Call for bolder action
"While food and fuel prices have eased from recent peaks, unfortunately they remain well above their levels at the onset of the recent price surges," Strauss-Kahn said. "What this means for a large number of countries—particularly in Africa—is a significant shock." He called for "bolder action" from the international community in terms of additional aid and action to help vulnerable countries.
The new study updates the IMF's initial report on the impact of higher food and fuel prices that was issued in July 2008. The July report warned that the price surge was most acute for import-dependent poor and middle-income countries confronted by balance of payments problems, higher inflation, and worsening poverty.
The IMF's updated assessment shows that the impact of food and fuel price increases on developing countries, far from diminishing, has continued to mount since its previous report last July. As of mid-September, oil prices are around 40 percent below their mid-July peaks, but still double the levels recorded at end-2006. Similarly, food prices have eased 8 percent from their June peak but are still above end-2006 levels.
Increase in fuel bill
As a result, the IMF projects that net fuel-importing low-income countries are facing an increase in their fuel bill equivalent to 3.2 percent of their GDP—or US$60 billion. For 43 net food-importing countries, the rise in their food bill is 0.8 percent of GDP—or US$7.2 billion.

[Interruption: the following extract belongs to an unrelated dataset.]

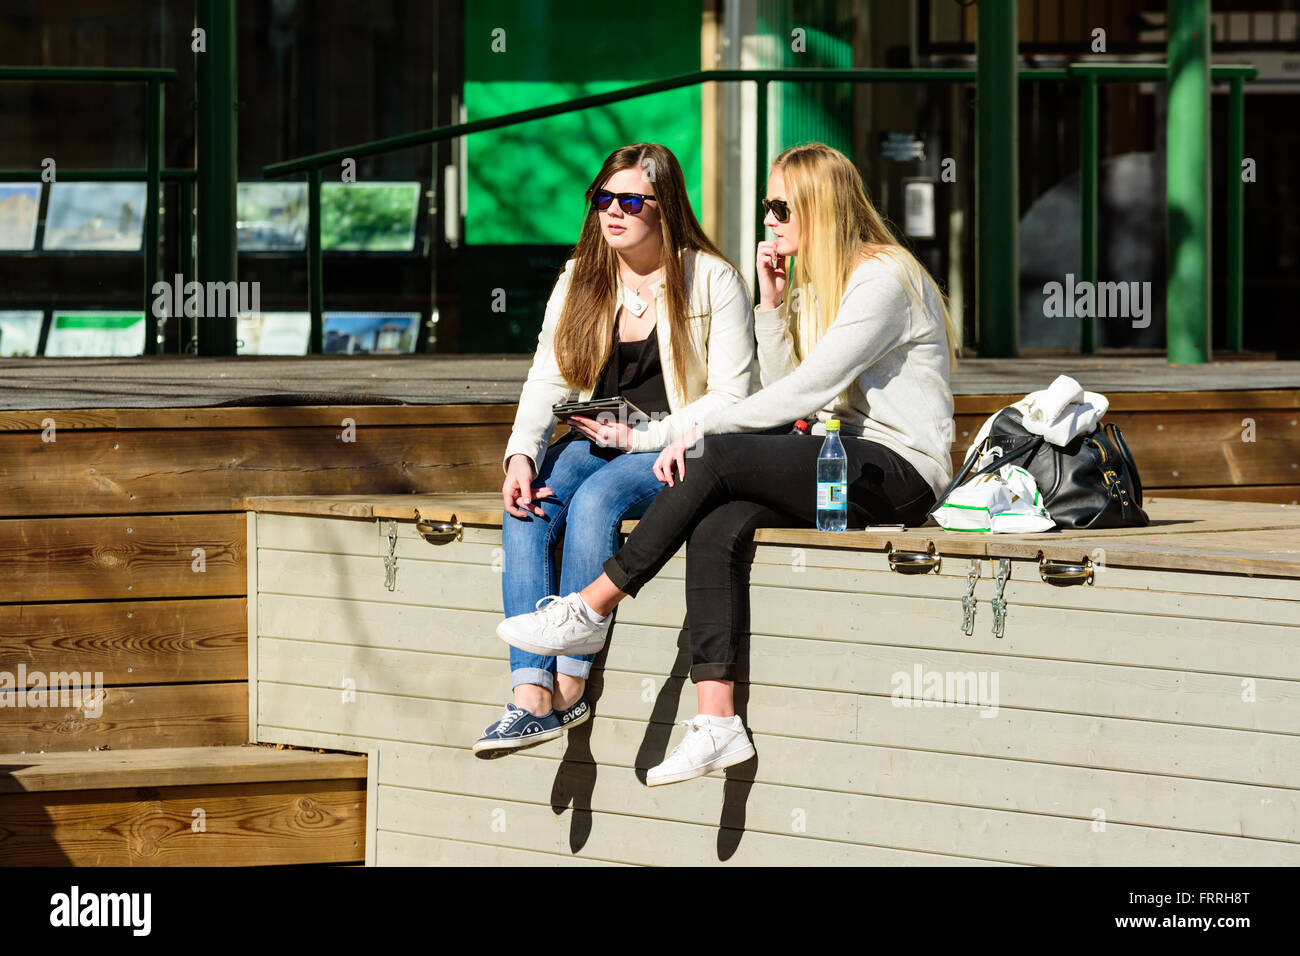 Kalmar, Sweden - March 17, 2016: Two female young adults sit on a wooden scene and are having a talk. Both wear sunglasses and b Stock Photo

"From a macroeconomic perspective, we see the effects in weakening balance-of-payments positions and national budgets—and acceleration of inflation," Strauss-Kahn said. The average inflation rate for low-income countries increased by almost 3 percentage points during the second quarter of 2008, and is expected to exceed 13 percent by the end of this year. "As we all know," Strauss-Kahn noted, "inflation hurts everyone, but it especially hurts the poor."
The updated study says countries face difficult choices as they seek to adjust their economies. Most will need a combination of price adjustment, involving real depreciation and pass-through of world market prices, and fiscal adjustment to offset the higher budgetary costs. The study recommends an approach involving tailored domestic responses, donor support, and multilateral cooperation.
Guard against inflation
Given the risks of further inflation and weakening external positions, monetary and exchange rate policies will have to guard against inflationary and balance of payments pressures that are likely to intensify in the short run, the study says. The need for, and scale of, fiscal policy responses will have to reflect each country's macroeconomic situation and capacity to create fiscal space.
The report adds that external support, preferably grants in the case of low-income countries, will continue to be vital to ease the burden of adjustment and to limit effects on real incomes and poverty. In early September the IMF endorsed a new action plan drawn up at an international conference in Ghana called to improve delivery of aid to developing countries.
The IMF, which has so far provided additional financial assistance to 14 affected countries and is in the process of reforming its Exogenous Shocks Facility to provide more rapid and streamlined assistance to its members, continues to assist its members through both macroeconomic policy advice, technical assistance and financial support.